Tracer implementation based on the Google Dapper paper:
http://static.googleusercontent.com/media/research.google.com/en/us/pubs/archive/36356.pdf
Instead using a data store to record the tracing information, SLF4J is used. The results will be logged and a separate process on the machine can be used to extract the
tracing information from the logs and send it to a collector/data store/log aggregator/etc (if desired). This is consistent with the behavior described in the Google Dapper
paper. Valid distributed trace spans will be logged to a SLF4J logger named
#VALID_WINGTIPS_SPAN_LOGGER_NAME so you can pipe them to their own log file if desired.
Similarly, invalid spans (where this class has detected incorrect usage and knows that the spans have invalid timing info, for example) will be logged to a SLF4J
logger named
#INVALID_WINGTIPS_SPAN_LOGGER_NAME. These specially-named loggers will not be used for any other purpose.
Sampling is determined using
#rootSpanSamplingStrategy which defaults to sampling everything. You can override this by calling
#setRootSpanSamplingStrategy(RootSpanSamplingStrategy).
You can be notified of span lifecycle events (i.e. for metrics counting) by adding a listener to
#addSpanLifecycleListener(SpanLifecycleListener).
NOTE: It's important that any
SpanLifecycleListener you add is extremely lightweight or you risk distributed tracing becoming a major bottleneck for
high throughput services. If any expensive work needs to be done in a
SpanLifecycleListener then it should be done asynchronously on a thread or
threadpool separate from the application worker threads.
The format of the logging output when a span is completed is determined by
#spanLoggingRepresentation, which can be set by calling
#setSpanLoggingRepresentation(SpanLoggingRepresentation). The default is
SpanLoggingRepresentation#JSON, which causes the
log messages to use
Span#toJSON() to represent the span.
The span information is associated with a thread and is modeled as a stack, so it's possible to have nested spans inside an overall request span. These nested spans are
referred to as "sub-spans" in this class. Sub-spans are started via
#startSubSpan(String,SpanPurpose) and completed via
#completeSubSpan().
See the recommended usage section below for more information.

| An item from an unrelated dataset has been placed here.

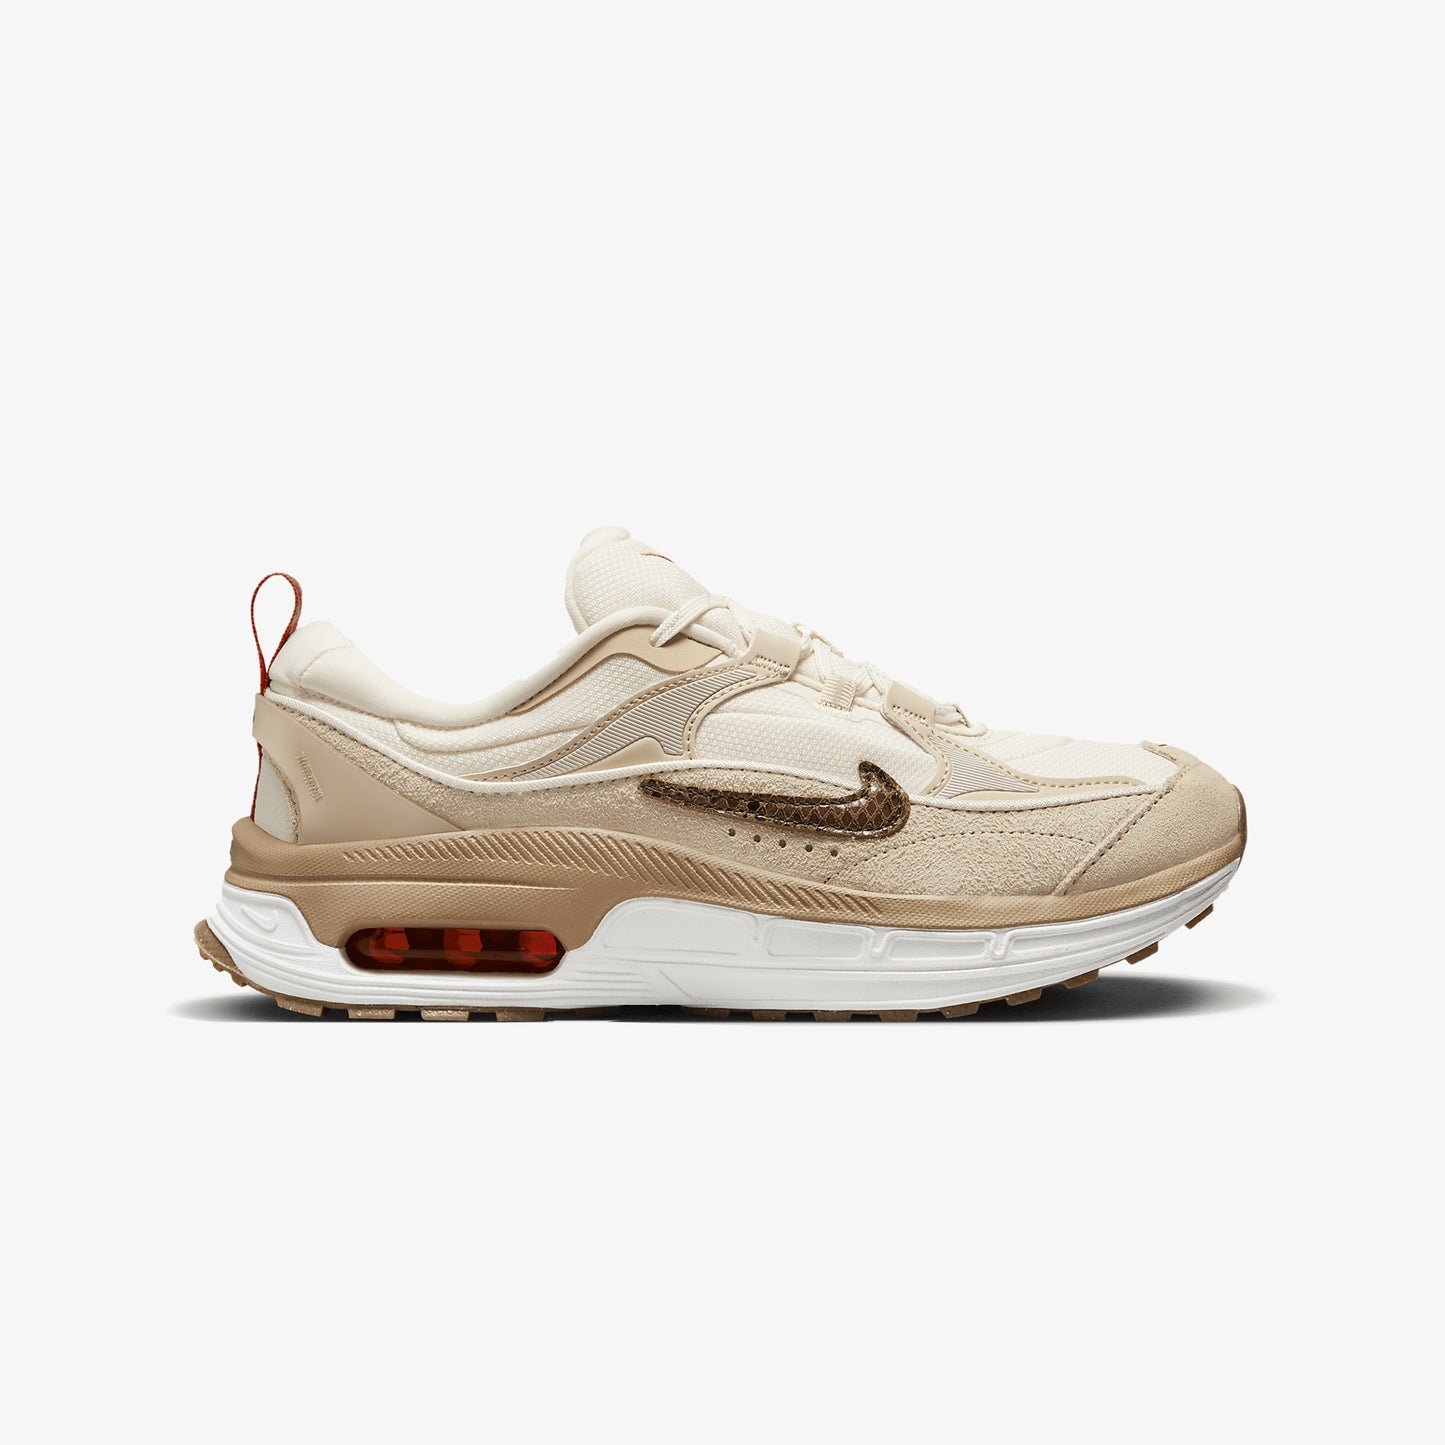 WMN'S AIR MAX BLISS SE 'PALE IVORY/PICANTE RED-SUMMIT WHITE'
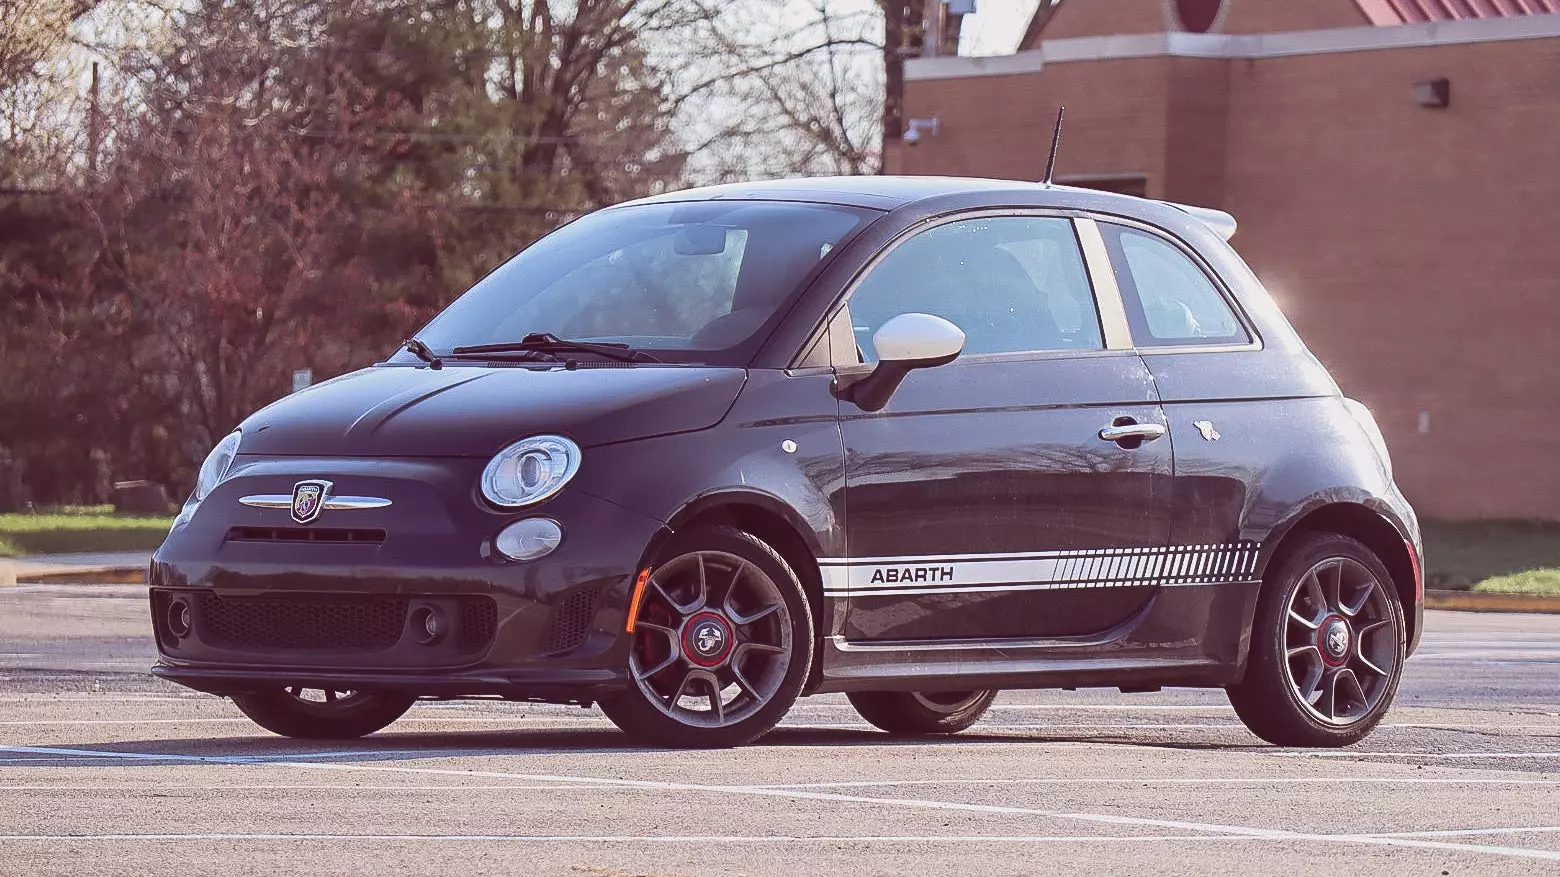 Lots of Research Really Paid Off While Fixing My $1,500 Fiat Abarth’s Broken Axles

RECOMMENDED USAGE: In a typical usage scenario you'll want to call one of the
startRequest...() methods as soon as possible when a request enters your
application, and you'll want to call
#completeRequestSpan() as late as possible in the request/response cycle (ideally after the last of the response has been
sent to the user, although some frameworks don't let you hook in that late). In between these two calls the span that was started (the "overall-request-span")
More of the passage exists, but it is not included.